═══ RECORD SET

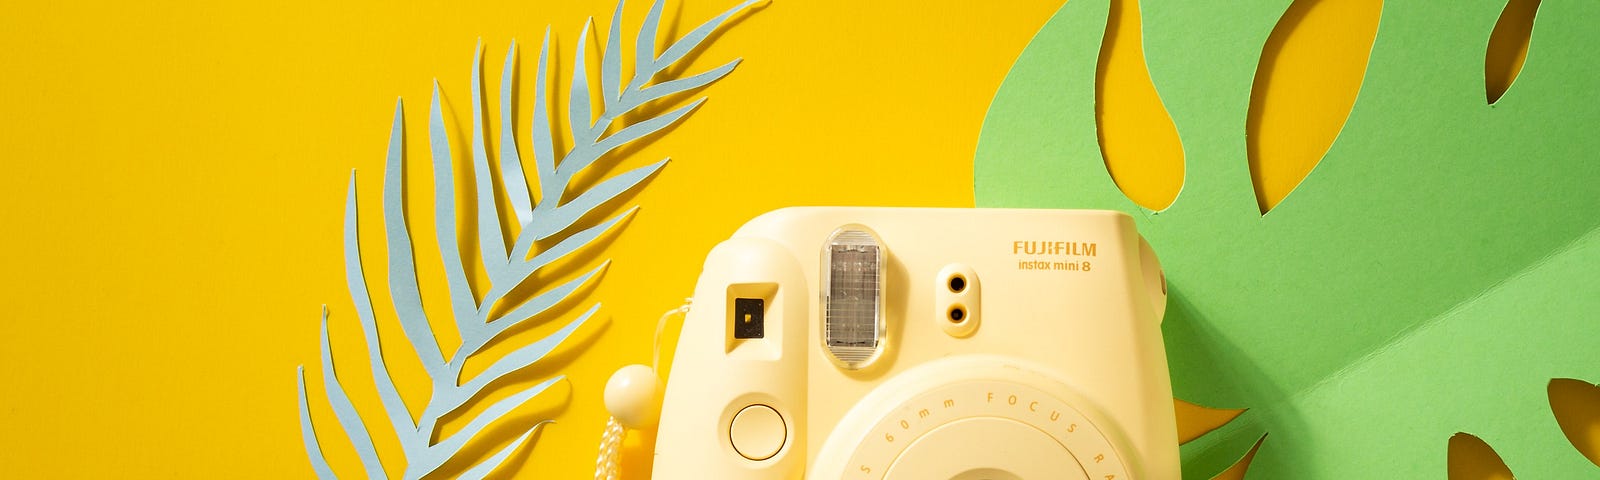 a fuji camera beside two green paper cutouts of leaves, on a yellow background
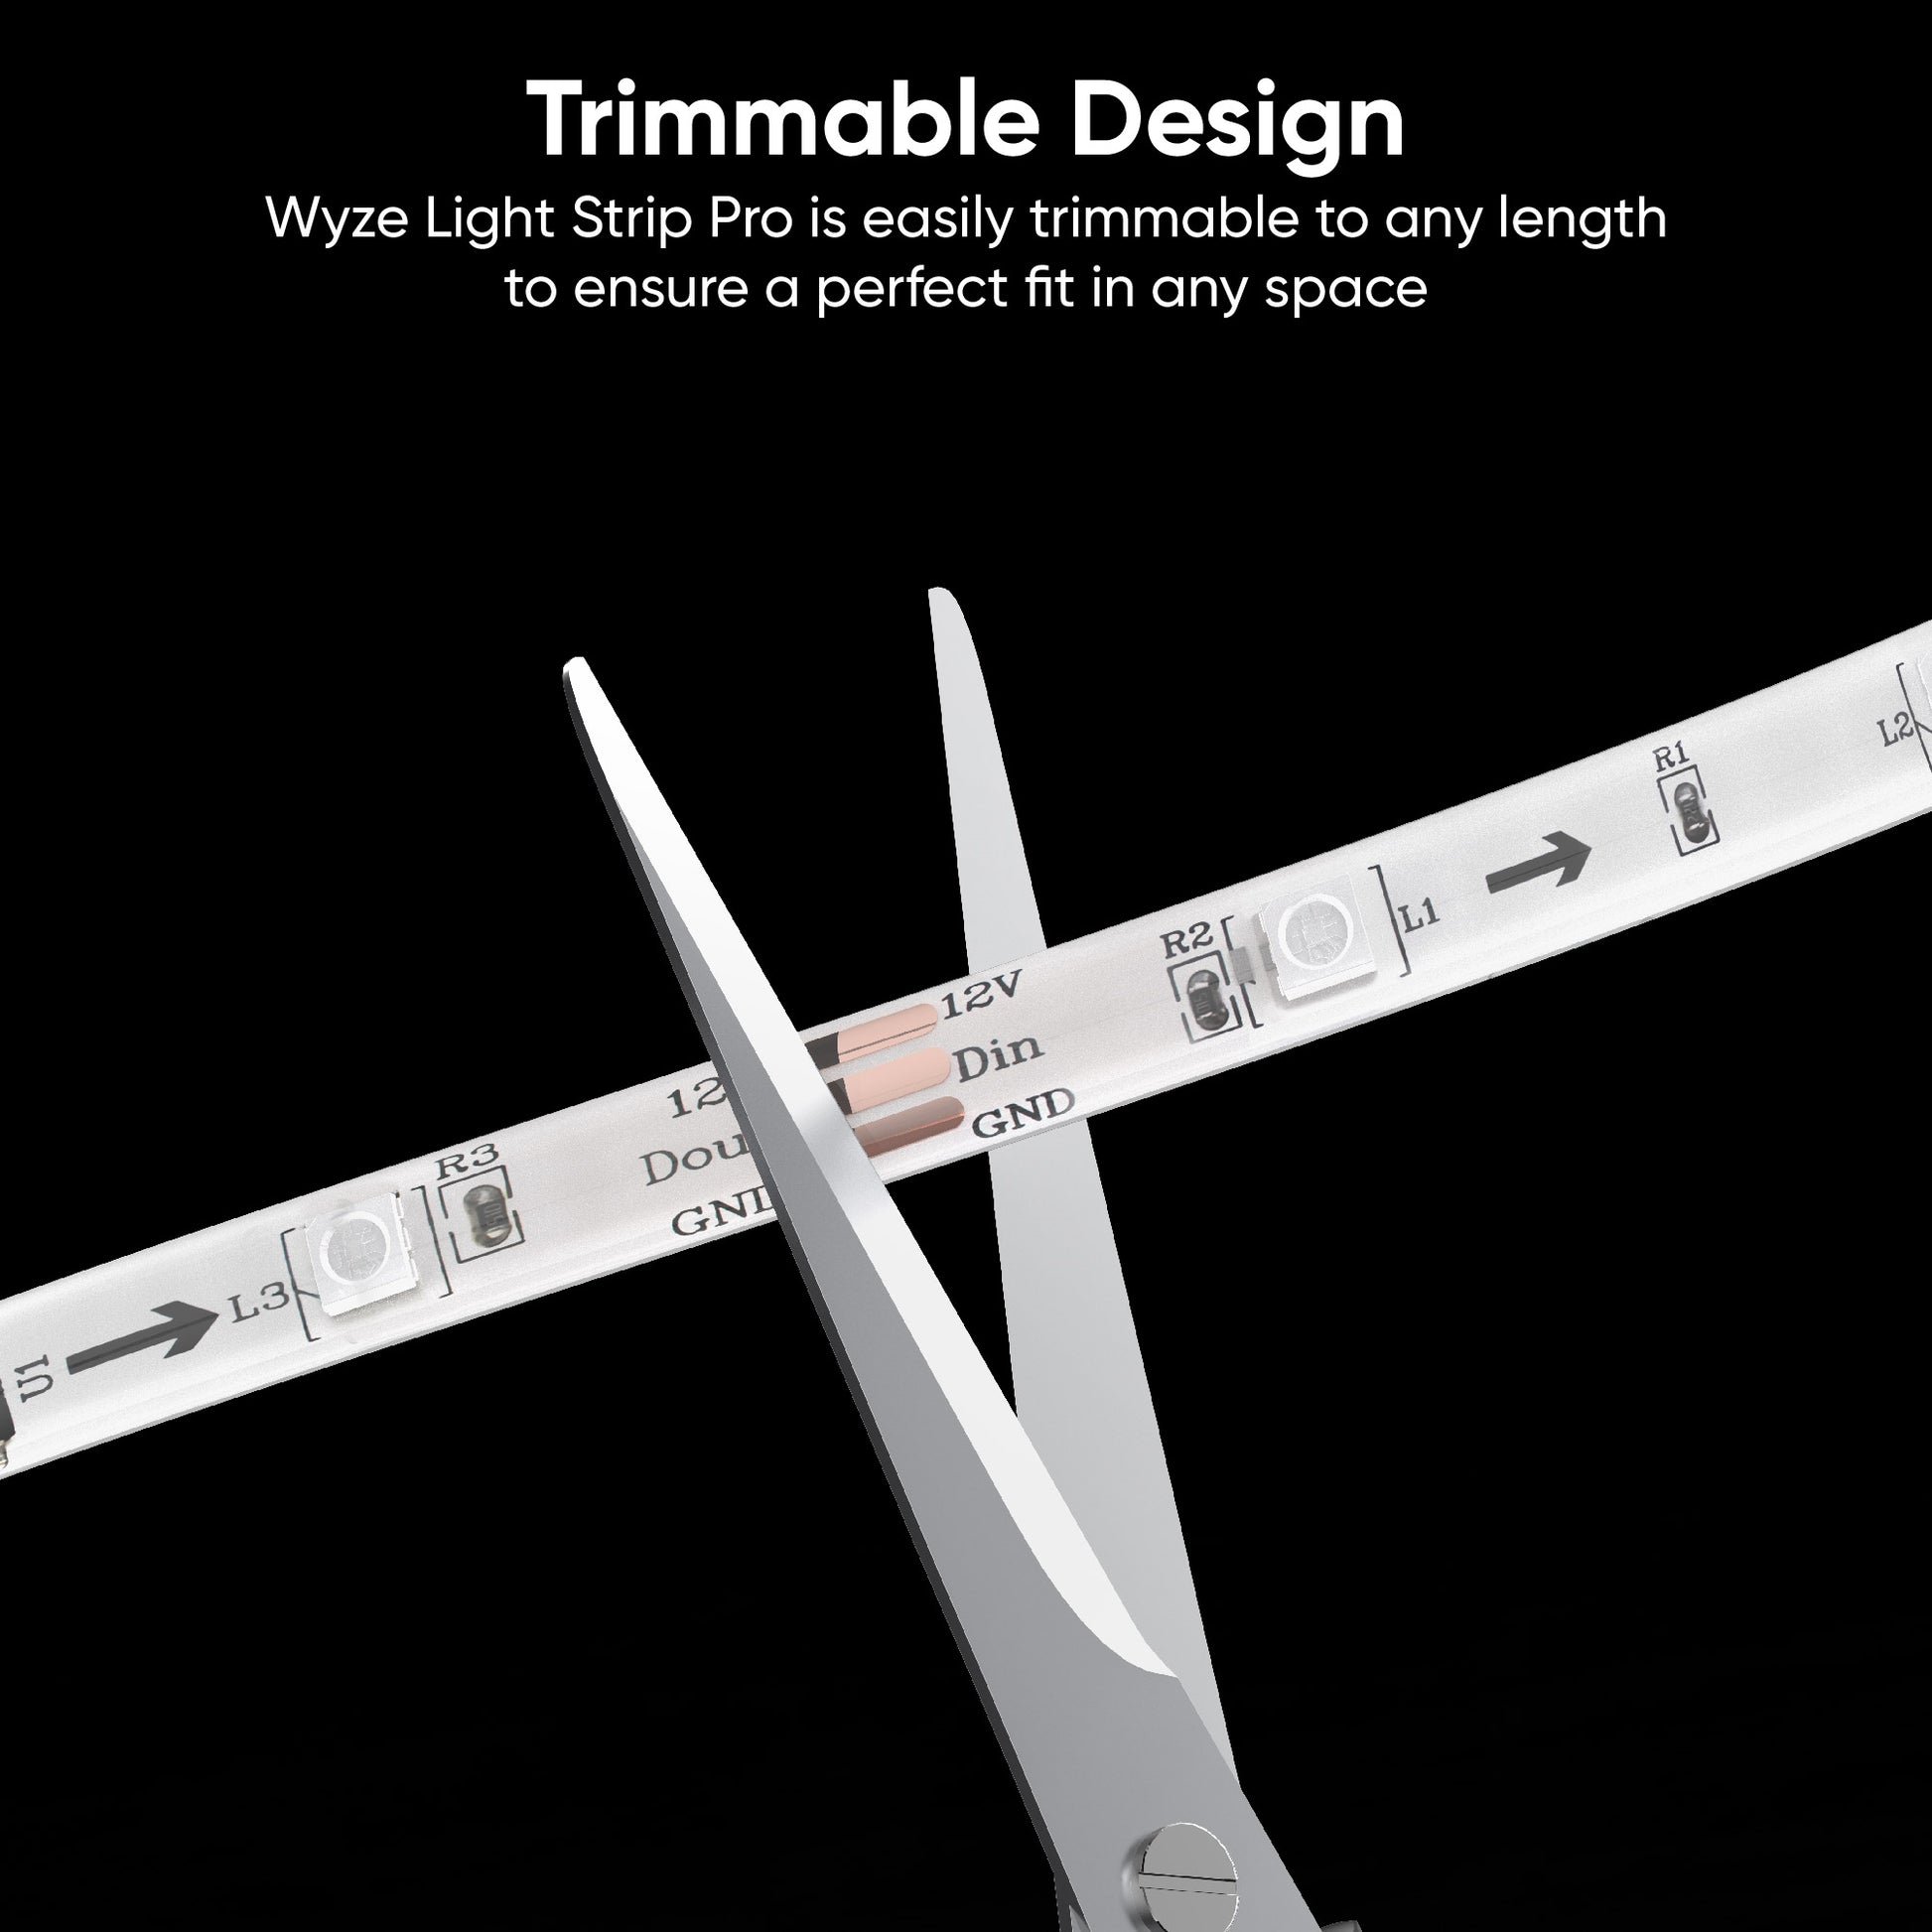 A pair of scissors cutting the light strip. Black text overlay that says "Precise customization to fit your space."
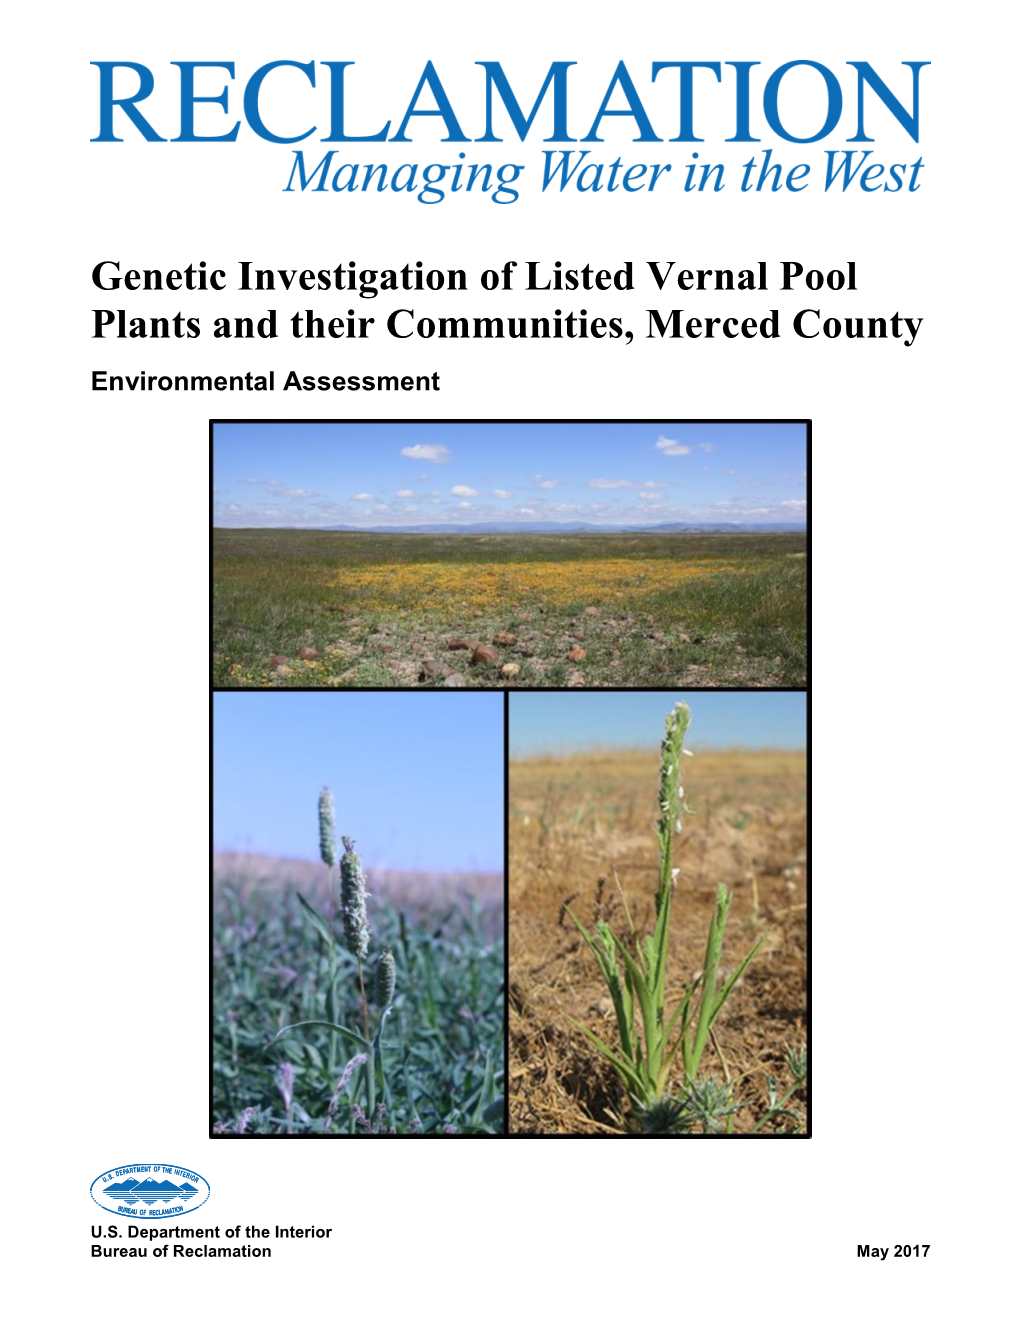 Genetic Investigation of Listed Vernal Pool Plants and Their Communities, Merced County
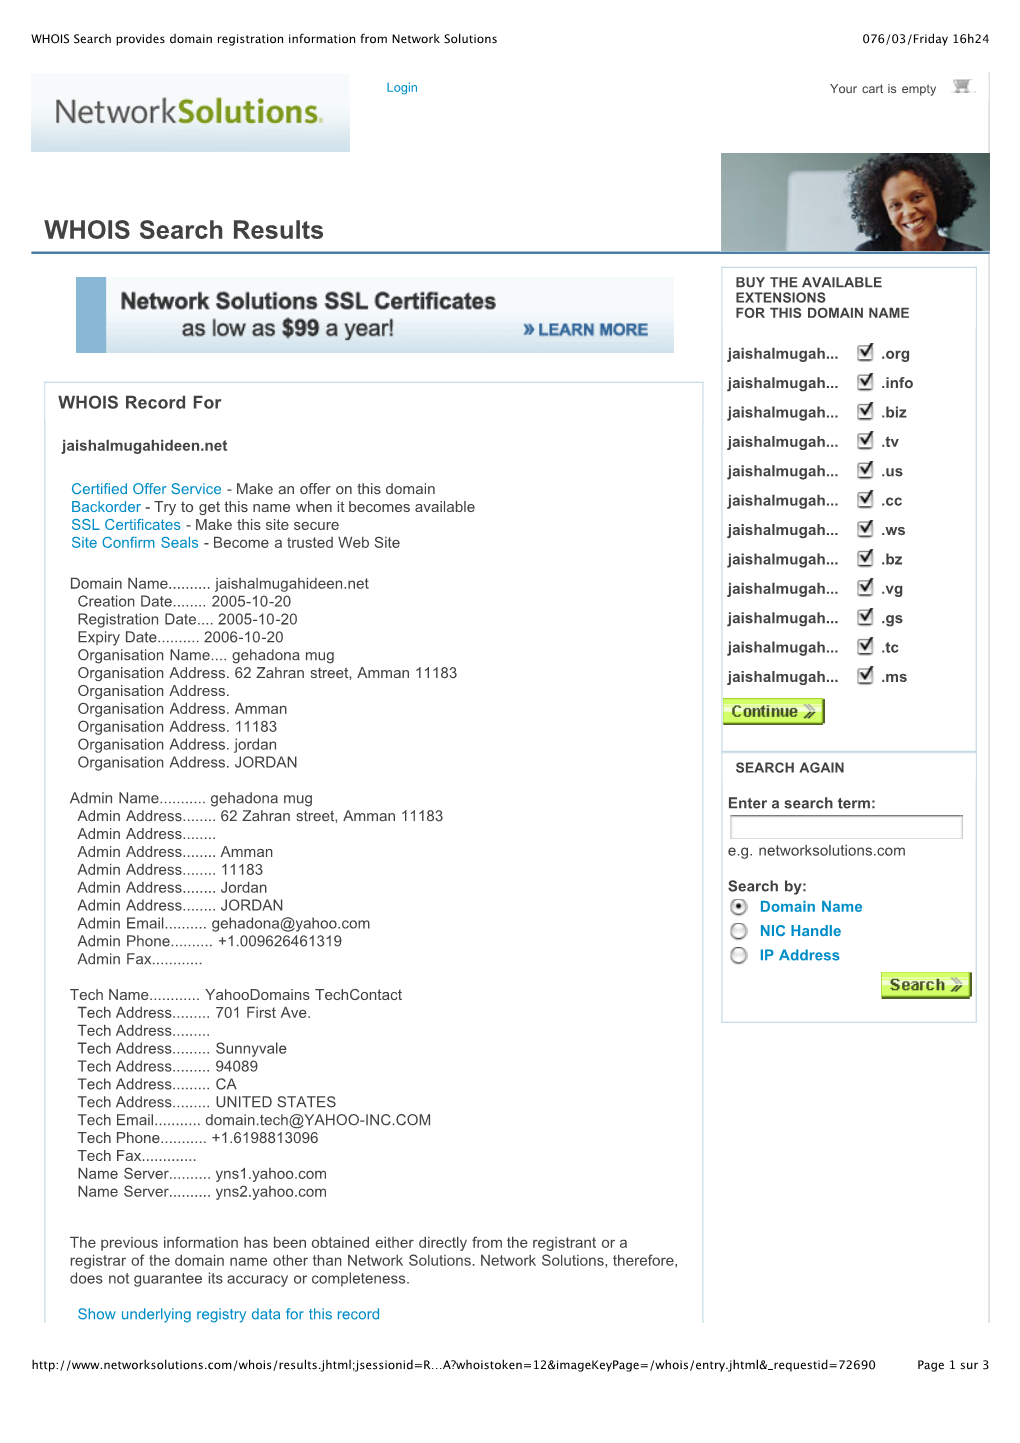 WHOIS Search Provides Domain Registration Information from Network Solutions 076/03/Friday 16H24
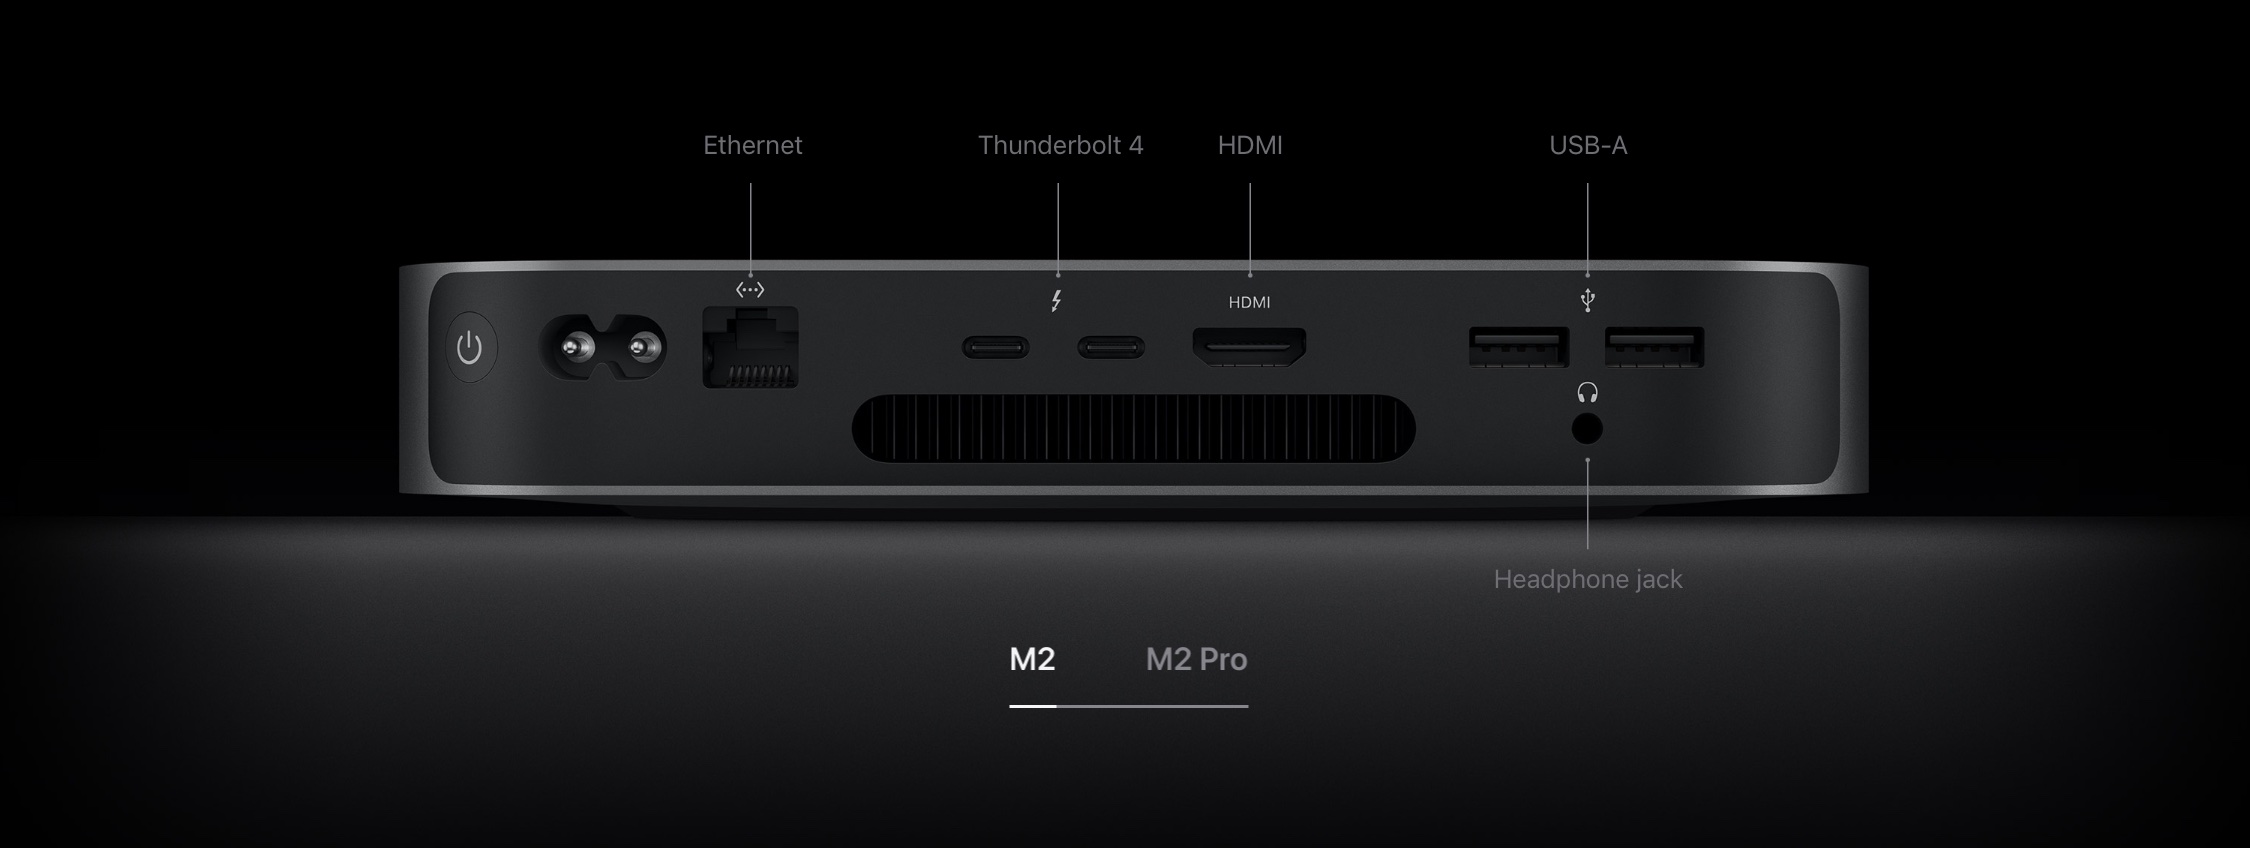 Mac mini comparison: What’s different with the M2 and M2 Pro vs M1

══════

**THE TASK:**
An exact copy of every entry above is needed, minus the pictures.

**ANSWER FOR THE TASK:**
 a fuji camera beside two green paper cutouts of leaves, on a yellow background
 A pair of scissors cutting the light strip. Black text overlay that says "Precise customization to fit your space."
 Genetic Investigation of Listed Vernal Pool Plants and Their Communities, Merced County
 WHOIS Search Provides Domain Registration Information from Network Solutions 076/03/Friday 16H24
 Mac mini comparison: What’s different with the M2 and M2 Pro vs M1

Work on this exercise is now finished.